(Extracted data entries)
════════════════════
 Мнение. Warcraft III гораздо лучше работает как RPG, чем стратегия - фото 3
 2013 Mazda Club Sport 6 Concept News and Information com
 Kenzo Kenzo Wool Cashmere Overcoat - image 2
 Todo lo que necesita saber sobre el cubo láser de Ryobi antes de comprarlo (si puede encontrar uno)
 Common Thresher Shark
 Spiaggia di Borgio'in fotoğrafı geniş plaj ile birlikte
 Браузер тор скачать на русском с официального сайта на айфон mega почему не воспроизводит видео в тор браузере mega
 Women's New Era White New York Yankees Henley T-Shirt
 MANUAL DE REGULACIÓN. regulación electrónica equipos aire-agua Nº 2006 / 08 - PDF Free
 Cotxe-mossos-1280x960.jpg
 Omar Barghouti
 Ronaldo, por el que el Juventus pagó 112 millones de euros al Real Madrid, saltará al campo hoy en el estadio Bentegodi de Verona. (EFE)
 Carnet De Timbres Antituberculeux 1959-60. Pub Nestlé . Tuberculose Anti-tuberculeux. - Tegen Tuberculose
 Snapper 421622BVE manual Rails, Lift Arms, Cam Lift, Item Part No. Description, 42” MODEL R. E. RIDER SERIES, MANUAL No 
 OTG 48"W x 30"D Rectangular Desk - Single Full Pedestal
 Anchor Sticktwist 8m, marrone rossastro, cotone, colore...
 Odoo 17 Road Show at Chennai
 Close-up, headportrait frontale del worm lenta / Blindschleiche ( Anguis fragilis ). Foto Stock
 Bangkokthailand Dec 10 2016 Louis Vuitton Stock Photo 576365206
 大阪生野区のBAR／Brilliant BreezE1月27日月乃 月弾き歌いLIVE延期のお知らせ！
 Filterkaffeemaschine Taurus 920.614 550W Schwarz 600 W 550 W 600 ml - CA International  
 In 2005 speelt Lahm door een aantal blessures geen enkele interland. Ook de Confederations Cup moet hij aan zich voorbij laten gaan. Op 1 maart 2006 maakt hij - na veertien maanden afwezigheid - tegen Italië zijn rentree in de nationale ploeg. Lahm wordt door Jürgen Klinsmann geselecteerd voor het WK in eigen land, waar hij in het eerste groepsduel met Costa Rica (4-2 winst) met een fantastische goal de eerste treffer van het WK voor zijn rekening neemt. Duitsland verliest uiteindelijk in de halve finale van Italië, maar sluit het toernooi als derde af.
════════════════════
• Exercise:
From the first record to the last, print each one exactly.

• Result for this exercise:
 Мнение. Warcraft III гораздо лучше работает как RPG, чем стратегия - фото 3
 2013 Mazda Club Sport 6 Concept News and Information com
 Kenzo Kenzo Wool Cashmere Overcoat - image 2
 Todo lo que necesita saber sobre el cubo láser de Ryobi antes de comprarlo (si puede encontrar uno)
 Common Thresher Shark
 Spiaggia di Borgio'in fotoğrafı geniş plaj ile birlikte
 Браузер тор скачать на русском с официального сайта на айфон mega почему не воспроизводит видео в тор браузере mega
 Women's New Era White New York Yankees Henley T-Shirt
 MANUAL DE REGULACIÓN. regulación electrónica equipos aire-agua Nº 2006 / 08 - PDF Free
 Cotxe-mossos-1280x960.jpg
 Omar Barghouti
 Ronaldo, por el que el Juventus pagó 112 millones de euros al Real Madrid, saltará al campo hoy en el estadio Bentegodi de Verona. (EFE)
 Carnet De Timbres Antituberculeux 1959-60. Pub Nestlé . Tuberculose Anti-tuberculeux. - Tegen Tuberculose
 Snapper 421622BVE manual Rails, Lift Arms, Cam Lift, Item Part No. Description, 42” MODEL R. E. RIDER SERIES, MANUAL No 
 OTG 48"W x 30"D Rectangular Desk - Single Full Pedestal
 Anchor Sticktwist 8m, marrone rossastro, cotone, colore...
 Odoo 17 Road Show at Chennai
 Close-up, headportrait frontale del worm lenta / Blindschleiche ( Anguis fragilis ). Foto Stock
 Bangkokthailand Dec 10 2016 Louis Vuitton Stock Photo 576365206
 大阪生野区のBAR／Brilliant BreezE1月27日月乃 月弾き歌いLIVE延期のお知らせ！
 Filterkaffeemaschine Taurus 920.614 550W Schwarz 600 W 550 W 600 ml - CA International  
 In 2005 speelt Lahm door een aantal blessures geen enkele interland. Ook de Confederations Cup moet hij aan zich voorbij laten gaan. Op 1 maart 2006 maakt hij - na veertien maanden afwezigheid - tegen Italië zijn rentree in de nationale ploeg. Lahm wordt door Jürgen Klinsmann geselecteerd voor het WK in eigen land, waar hij in het eerste groepsduel met Costa Rica (4-2 winst) met een fantastische goal de eerste treffer van het WK voor zijn rekening neemt. Duitsland verliest uiteindelijk in de halve finale van Italië, maar sluit het toernooi als derde af.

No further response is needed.